Erannath chuckled. His chain clinked. He did not bother to ask, How do you propose to cut this?
"I'll go fetch tools," Ivar said.
"No. Too chancy. You must escape with the word. At that, if you do get clear, I probably will be released unharmed. Aycharaych is not vindictive. I believe him when he says he sorrows at having to torture me."
Torture? No marks. . . . Of course. Keep
sky king chained, buried alive, day after night away from sun, stars, wind. It'd be less cruel to stretch him over slow fire. Ivar gagged on rage.

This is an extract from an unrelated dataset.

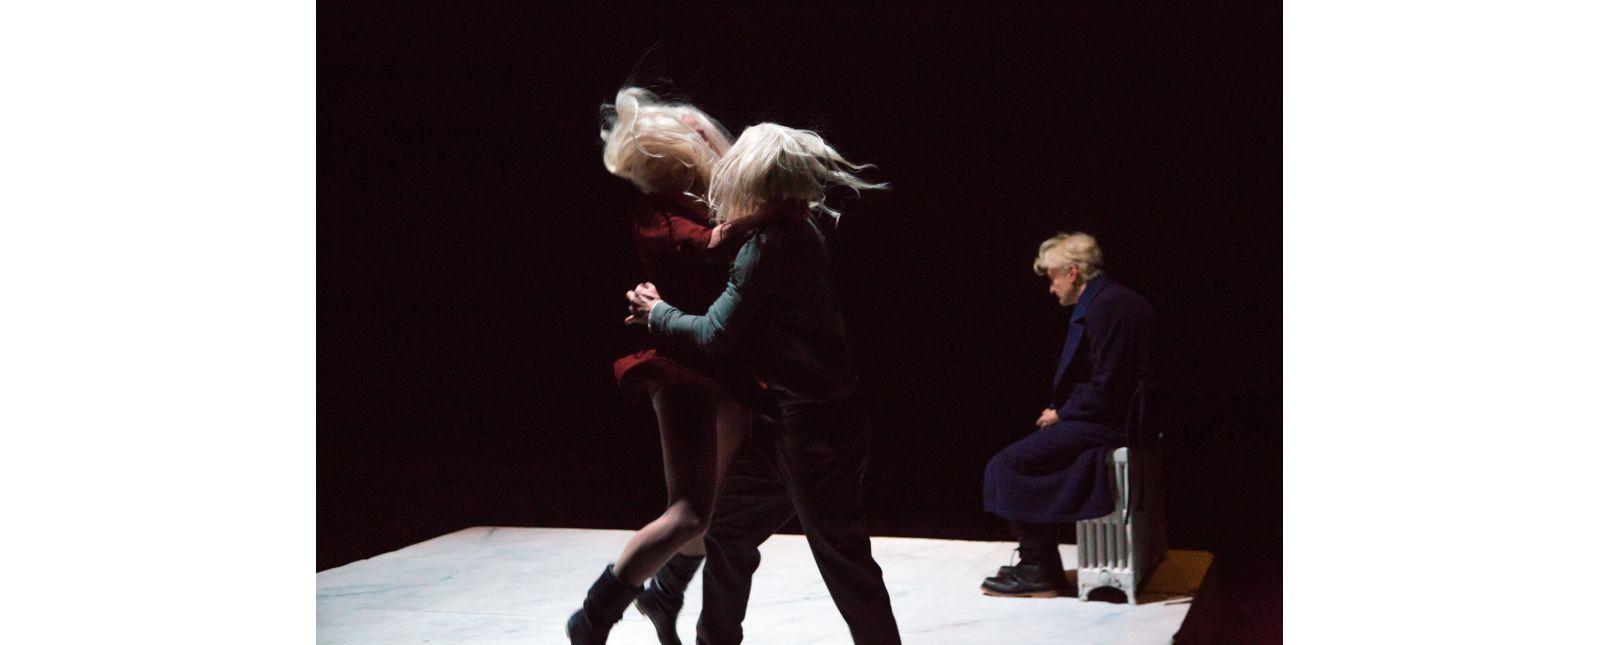 Totentanz // Marieke Kregel, Martin Hohner, Victor Calero // 2017 // Laura Nickel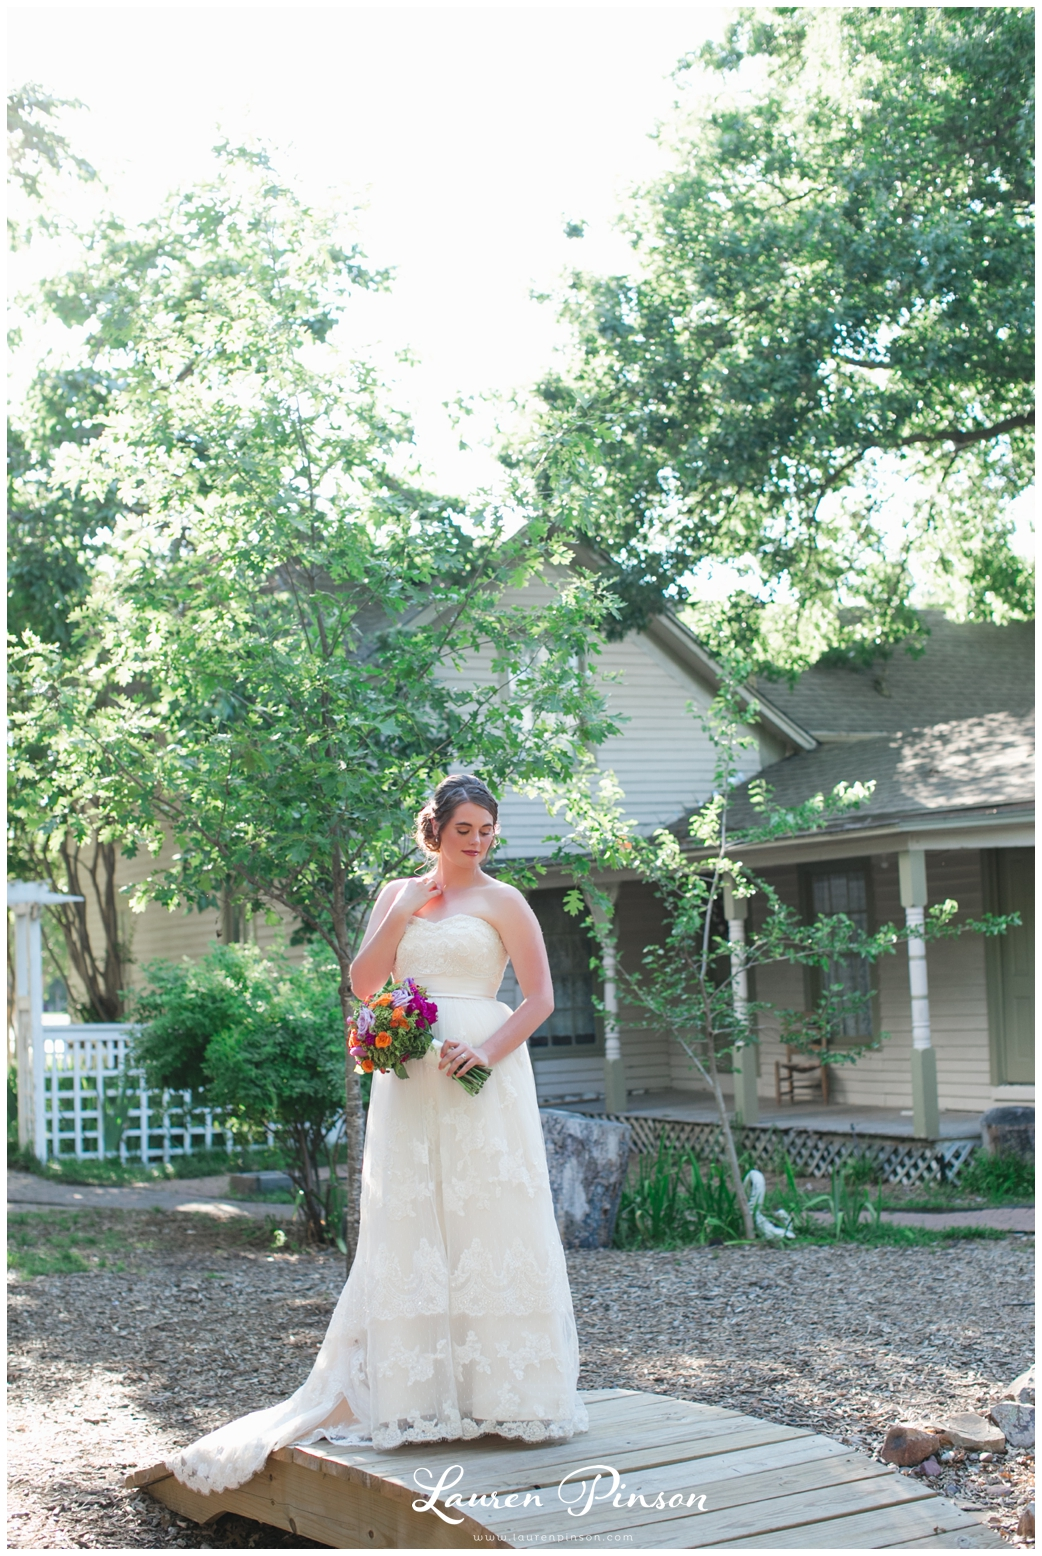 chestnut-square-downtown-mckinney-texas-wedding-photographer-sherman-northtexas-bridal-portraits-photography_0209.jpg

Erannath saw, and warned: "You cannot afford indignation either. Listen. Aycharaych has talked freely to me. I think he must be lonely, shut away down here with nothing but his machinations and the occasional string he pulls on his puppet prophet. Or is his reason that, in talking, he brings associations into my consciousness, and thus reads more of what I know? This is why I have been kept alive. He wants to drain me of data."
"What is he?" Ivar whispered.
"A native of a planet he calls Chereion, somewhere in the Merseian Roidhunate. Its civilization is old, old—formerly wide-faring and mighty—yes, he says the Chereionites were the Builders, the Ancients. He will not tell me what made them withdraw. He confesses that now they are few, and what power they wield comes wholly from their brains."
"They're not, uh, uh, super-Didonians, though . . . galaxy-unifyin' intellects . . . as Jaan believes?"
"No. Nor do they wage a philosophical conflict among themselves over the ultimate destiny of creation. Those stories merely fit Aycharaych's purpose." Erannath hunched on the claws of his wings. His head thrust forward against nacre and shadow. "Listen," he said. "We have no more than a sliver of time at best. Don't interrupt, unless I grow unclear. Listen. Remember."
The words blew harshly forth, like an autumn gale: "They preserve remnants of technology on Chereion which they have not shared with their masters the Merseians—if the Merseians are really their masters and not their tools. I wonder about that. Well, we must not stop to speculate. As one would await, the technology relates to the mind. For they are extraordinary telepaths, more gifted than the science we know has imagined is possible.
"There is some ultimate quality of the mind which goes deeper than language. At close range, Aycharaych can read the thoughts of any being—any speech, any species, he claims—without needing to know that being's symbolism. I suspect what he does is almost instantly to analyze the pattern, identify universals of logic and conation, go on from there to reconstruct the whole mental configuration—as if his nervous system included not only sensitivity to the radiation of others, but an organic semantic computer fantastically beyond anything that Technic civilization has built.